Whitepaper

Complete whitepaper introducing ZK Compression.

Whitepaper

Scaling the Design Space for On-chain Applications with ZK Compression v0.1.0

Light Protocol Team

Abstract

This paper proposes Light Protocol, a set of smart contracts for Solana that introduces ZK Compression.

Solana application developers can opt-in to compress their application’s on-chain state via the Light Protocol smart contracts. This reduces state cost by orders of magnitude while preserving the Solana L1's security, performance, and composability.

For the Solana validator network, widespread adoption of ZK Compression could help solve the state growth problem by limiting the state held in active memory by validators relative to the total state produced.

Finally, Light Protocol opens up a new design space for zero-knowledge-based protocols and applications on Solana; because ZK Compression stores data in zero-knowledge-friendly data structures, applications can efficiently prove custom off-chain computations over ZK-compressed state.
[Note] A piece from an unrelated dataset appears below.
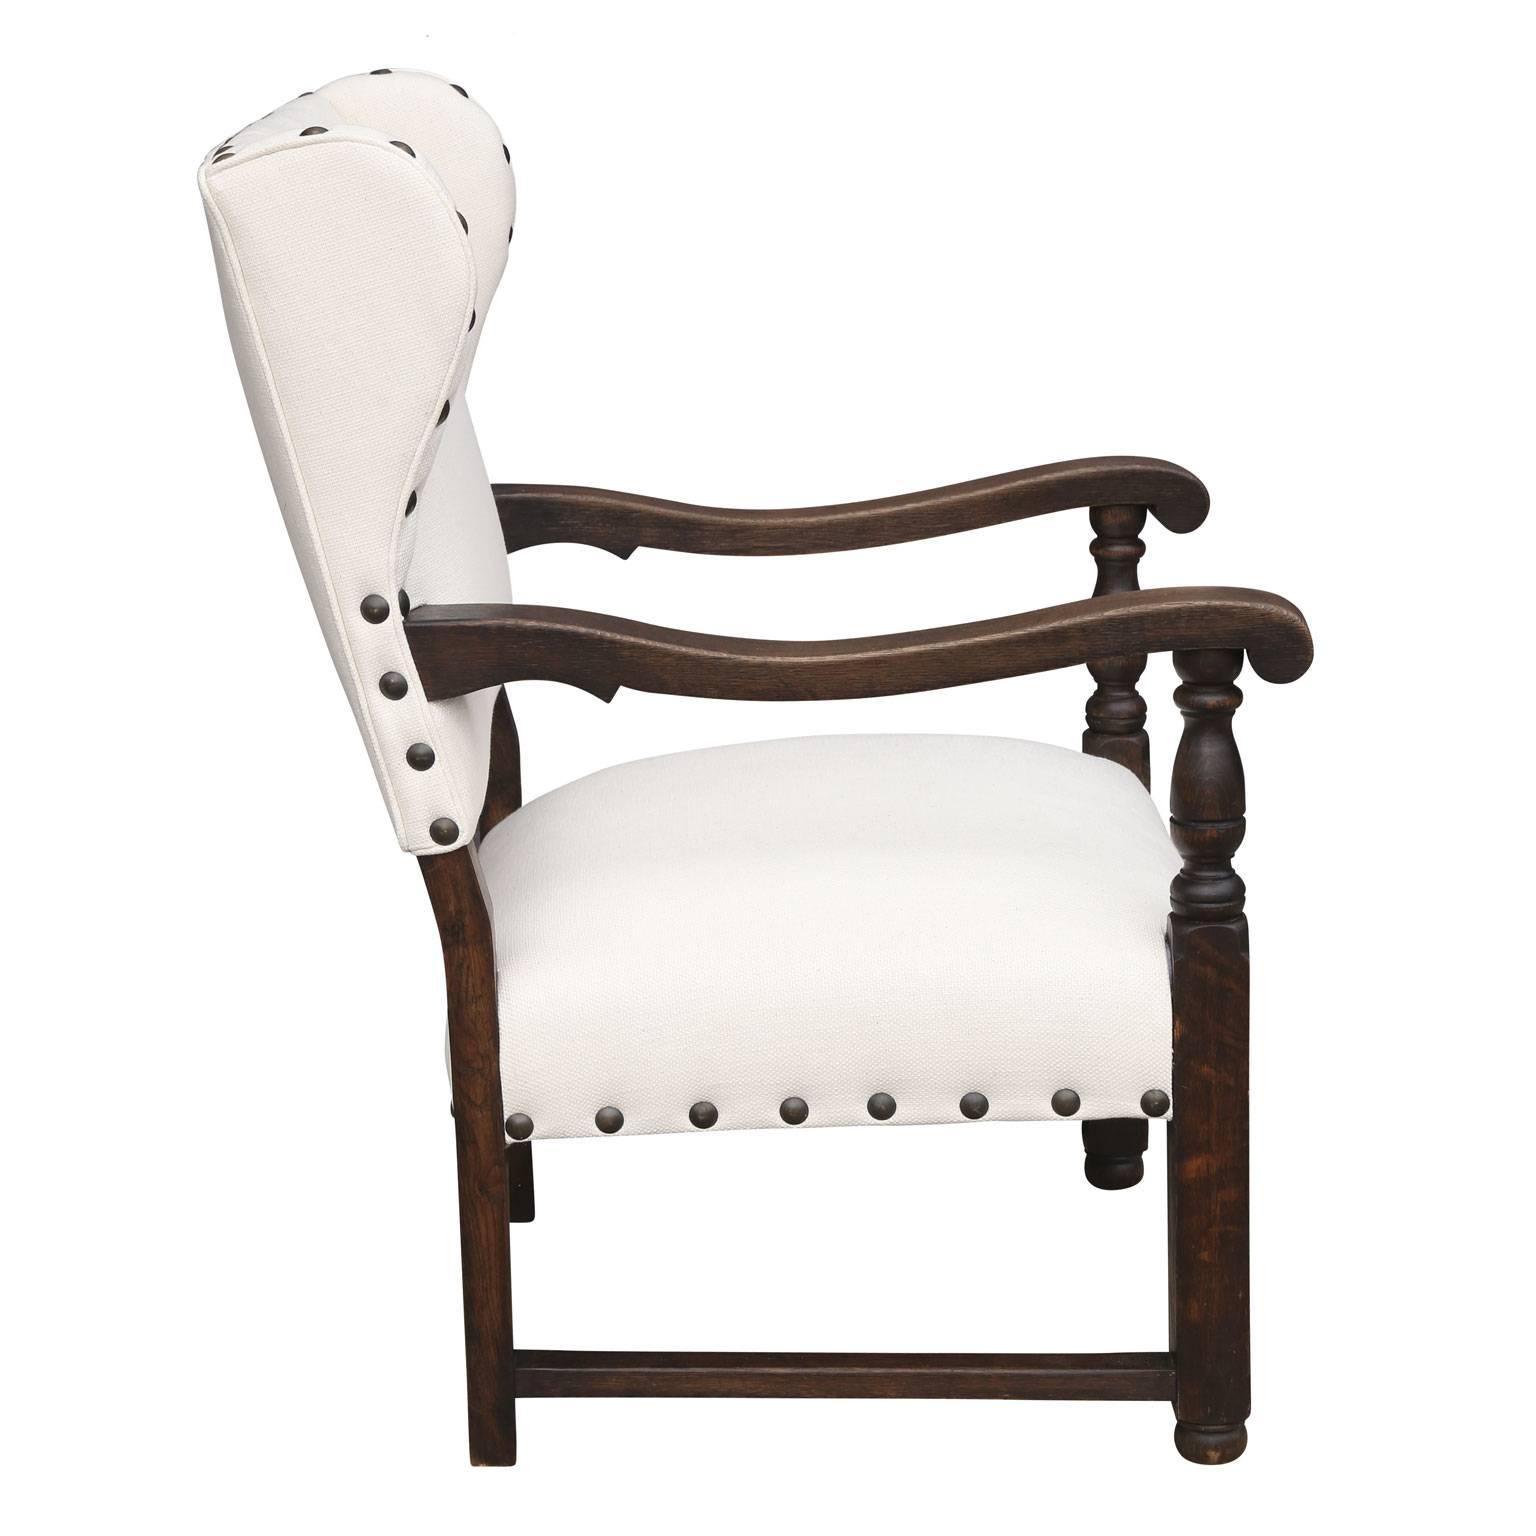 Early 19th century wingback chair from France, circa 1830-1850. This deep-seated wing chair's unusual proportions are the result of the original back shortened at a later, but early date, with ears (cheeks) subsequently added. This fireside chair is

1 The Problem: Expensive On-chain State

For developers to scale their on-chain applications to large user bases, the marginal cost of data storage must be near zero. Solana has emerged as a leading Layer 1 blockchain, attracting application developers who aim to scale to large numbers of end users.

However, storing data on the Solana L1 has become increasingly expensive for the network, and the cost trickles down to the application developer, limiting the design space for on-chain applications with low Lifetime Value (LTV) / Customer Acquisition Cost (CAC) ratios.

2 ZK Compression

When a Solana account gets compressed, its data is hashed and stored as a leaf in a sparse binary Merkle tree structure. The tree’s state root (i.e., a small fingerprint of all compressed accounts in the tree) is stored on the blockchain.

The underlying compressed account data is stored off-chain, e.g., as call data in the cheaper Solana ledger space. To read or write compressed state, transactions provide the compressed off-chain data and a succinct zero-knowledge proof (validity proof).

Light Protocol verifies the validity proof against the respective on-chain state root to ensure that the provided data was previously emitted via the protocol smart contracts. The succinctness property of the zero-knowledge proof (a Groth16 SNARK [1]) ensures that the integrity of many compressed accounts can be verified on-chain with a constant proof size of 128 bytes, which is ideal for Solana’s highly constrained 1232-byte transaction size limit.

3 Light Protocol System Architecture

The transaction flow in Light Protocol consists of the following key components:

  1. Off-chain state storage: State is stored off-chain, e.g., as calldata in the Solana ledger.

  2. New Transactions specify state: Transactions include the compressed data they read or write, the state tree accounts, a pointer to a recent on-chain state root, and a corresponding validity proof, all included in the transaction payload.

  3. Applications must invoke the Light Protocol system program to write compressed state.

    1. The system program validates the state (verifies the validity proof, performing sum checks and ownership checks)

    2. It enforces an account schema resembling the layout of classic Solana accounts.

    3. The old compressed state is nullified (inserted into the nullifier queue).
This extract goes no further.